3.1 Os assentamentos da Reforma Agrária e as novas facetas do território

Os dados do PNAD 2008 indicam que 16% do total de habitantes no país moram no campo. São 30 milhões de brasileiros, entre crianças, jovens, homens e mulheres, ribeirinhos, quilombolas, produtores e produtoras rurais, dentre outros povos do campo.

Ainda observa-se que, na região Nordeste, a proporção é de 27,6% e na região Norte é de 22%, desta forma conclui-se que estas são as regiões com maior concentração de famílias e casas rurais. Sobre a quantidade de famílias e pessoas que foram assentadas, os números apresentados remetem ao ano de 1996, e fazem parte do chamado: I Senso da Reforma Agrária, realizado com as universidades e sob a supervisão do INCRA, o mesmo foi muitas vezes questionado pelos movimentos sociais, em especial pelo MST, pois segundo estes movimentos, os dados estão além do que realmente existe e ainda não apresentam a realidade destes assentamentos. Mesmo assim, trazemos alguns dos resultados levantados, no texto de Bergamasco (1997, p.3.):

103 O censo apurou um total de 161.556 famílias beneficiárias em 1.460 projetos de assentamentos distribuídos por 26 estados da Federação. Os Estados do Maranhão e do Pará são os que apresentaram maior contingente de famílias assentadas. Este fato vem confirmar uma territorialização da reforma agrária (reeditada dos processos de colonização do regime militar, reforçada pelas respostas do Estado aos conflitos, que têm maior incidência nas áreas de fronteira.)19

Esses dados, mesmo que defasados, demonstram a importância de que uma política de Reforma Agrária assumiu e assume para um grande contingente da população brasileira.

Neste prisma, apresentamos agora, o que são e como se concretizam estes novos espaços territoriais. Os assentamentos rurais promovidos pela Política de Reforma Agrária são uma resposta dada aos conflitos sócio-territoriais gestados e desenvolvidos no Brasil desde sua ocupação pelos portugueses, passando pelo modelo agrário exportador, até o período de mecanização da agricultura e o desenvolvimento produtivo, passando pelo momento de redemocratização do país, até nossos dias atuais.
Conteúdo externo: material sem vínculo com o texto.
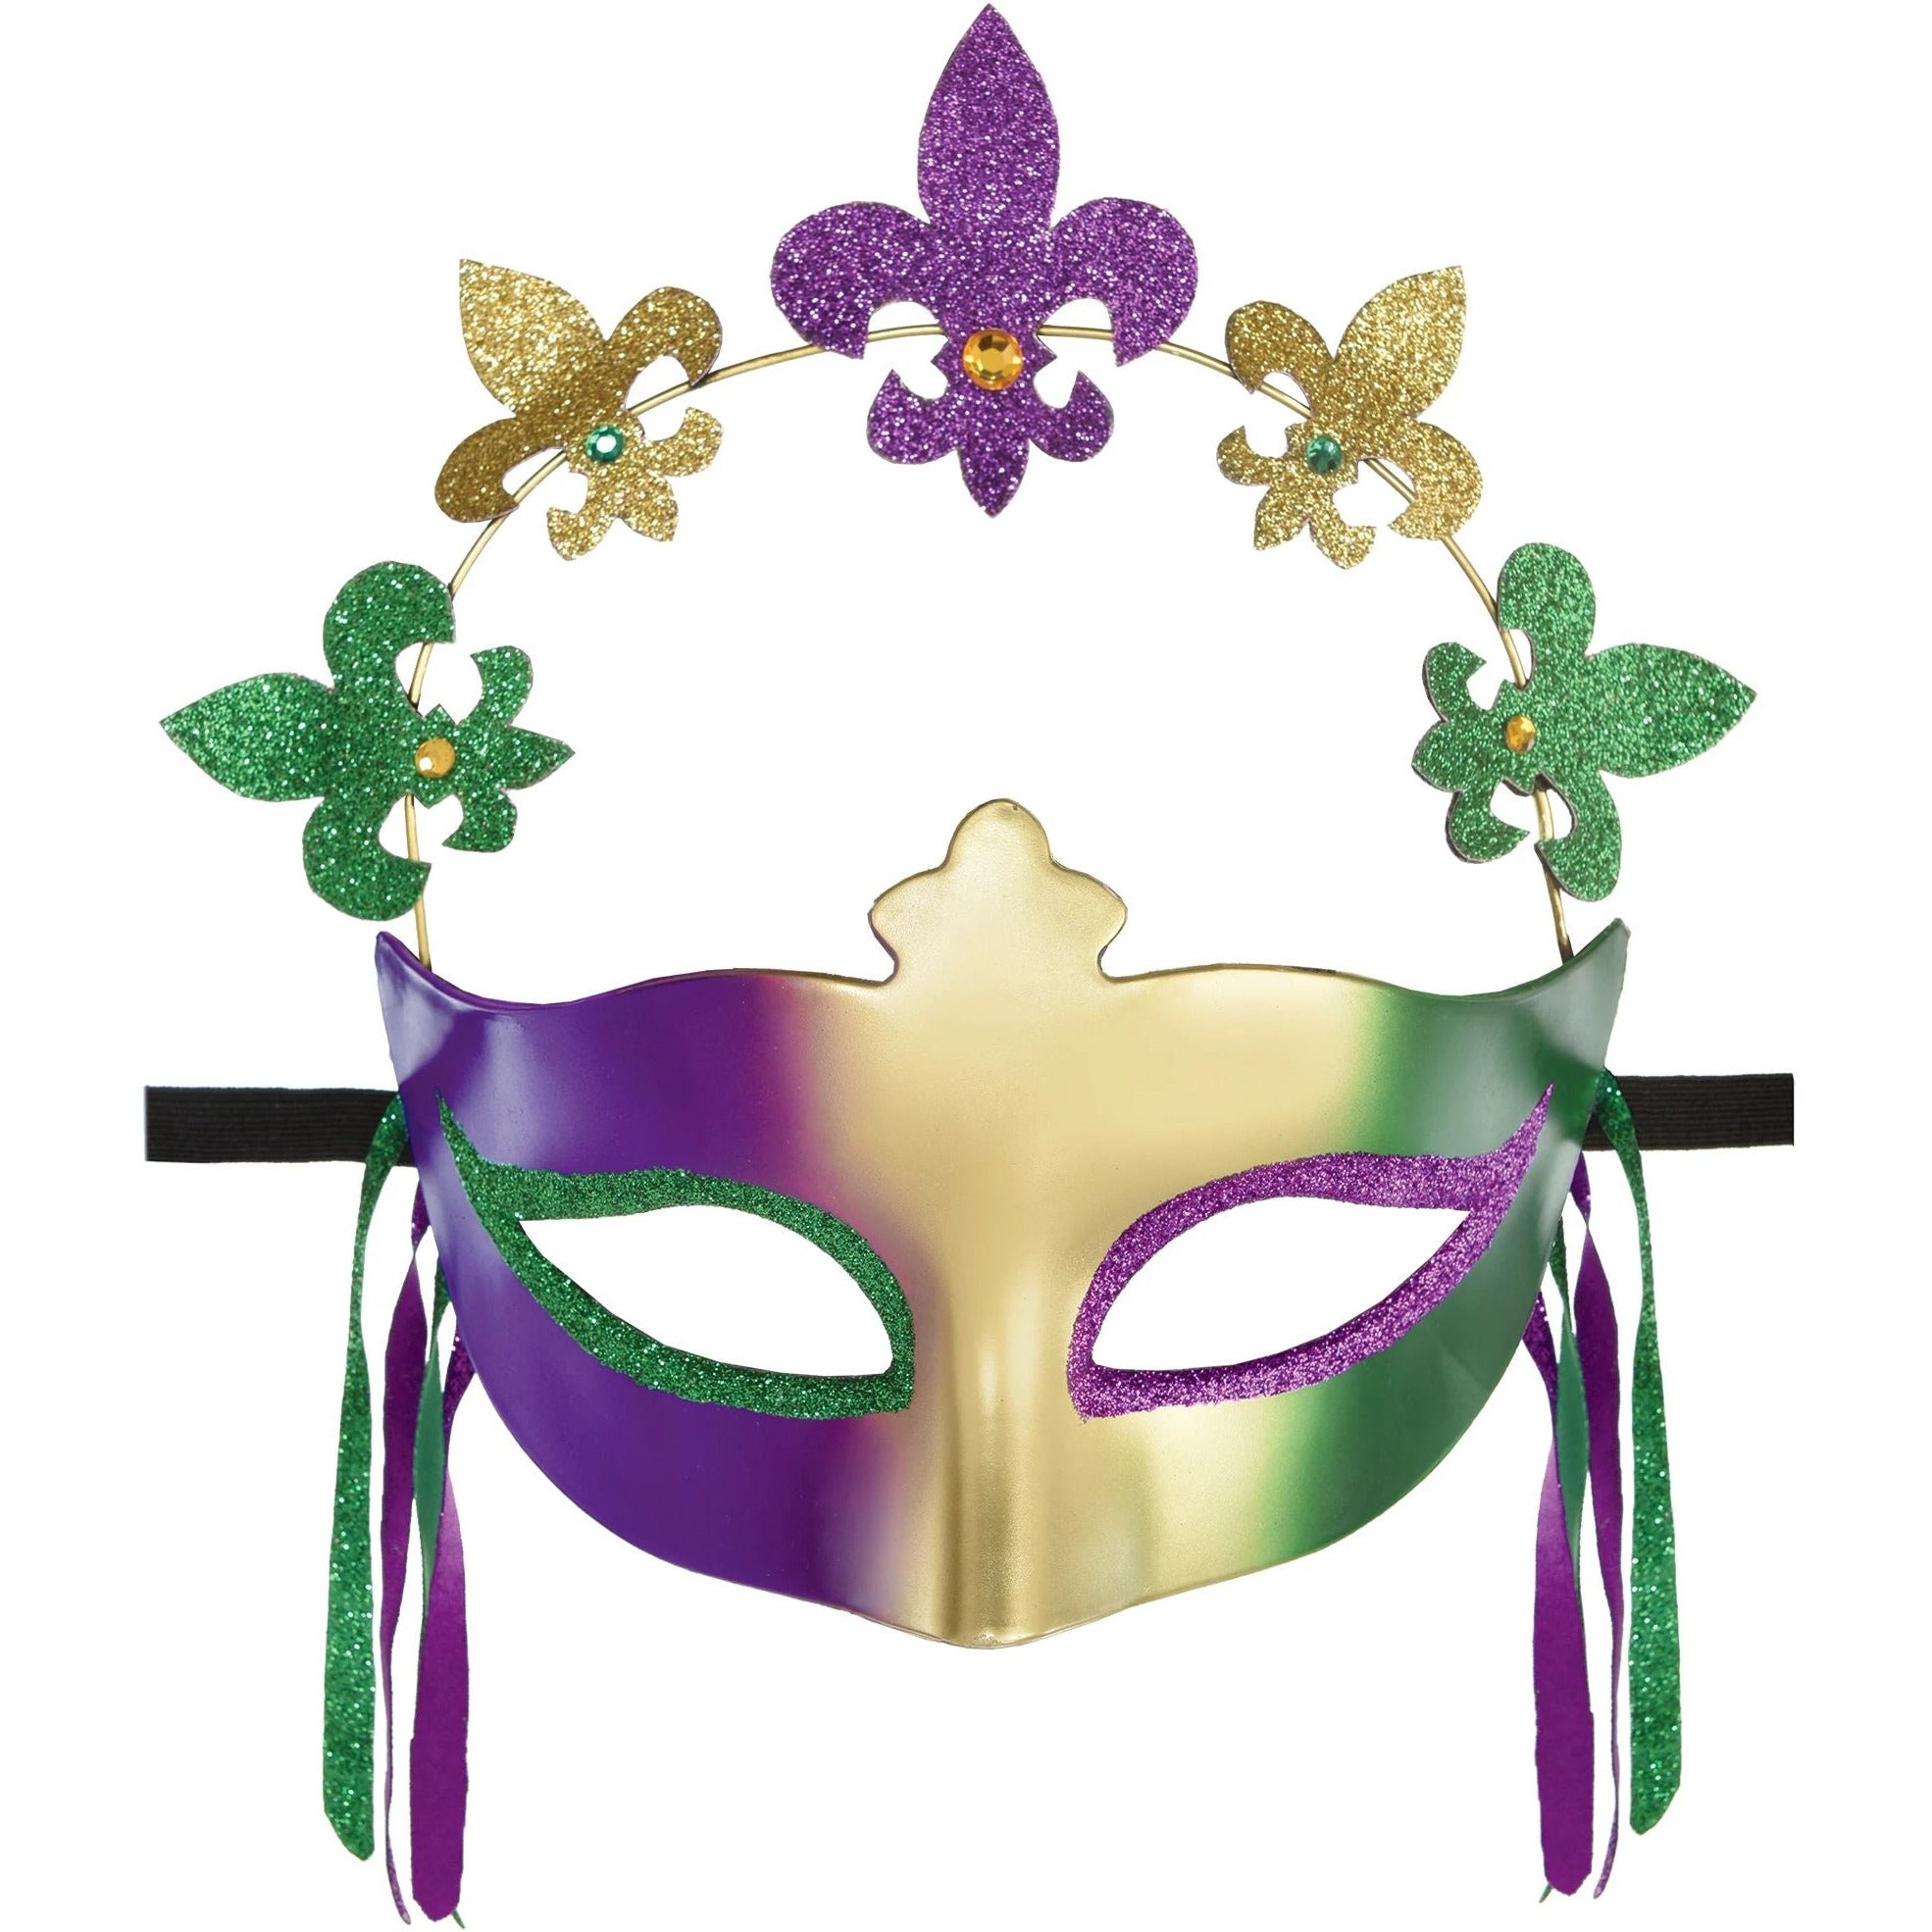 NEW Mardi Gras Masquerade Masks on a Stick FREE SHIPPING

Eles consistem na compra, venda, ou desapropriação de uma fração de terras; na prática são a repartição das terras pelos governos federal,municipal,ou estadual, ou então por órgãos atrelados a eles (como o Ministério do Desenvolvimento Agrário, Incra, Ministério da Agricultura, Instituto Brasileiro de Reforma Agrária, ou Secretarias de Agricultura) nomenclaturas que mudam de acordo com os períodos e governos instituídos. Martins (2000) afirma que:

Ora, assentamento é a forma da redistribuição da terra, que é em que consiste, no essencial, qualquer reforma agrária. Reforma agrária é todo ato tendente a desconcentrar a propriedade da terra quando esta representa ou cria um impasse histórico ao desenvolvimento social baseado nos interesses pactados da sociedade. (MARTINS, 2000, p.11)

Estas desapropriações e a política de Reforma Agrária em si, só ocorrem devido a grande pressão social exercida por parcelas da sociedade civil, ou então pelos movimentos sociais organizados através da luta pela terra.

Fernandes apresenta-nos a sistematização da pressão realizada na luta pela terra, a conquista dos territórios de assentamento, e suas possíveis relações daí, a diante, da seguinte forma:

19 A realidade dos assentamentos rurais por detrás dos números é um artigo de Sonia Pereira

Bergamasco esclarecedor na relação às estatísticas e realidades dos assentamentos da Reforma Agrária.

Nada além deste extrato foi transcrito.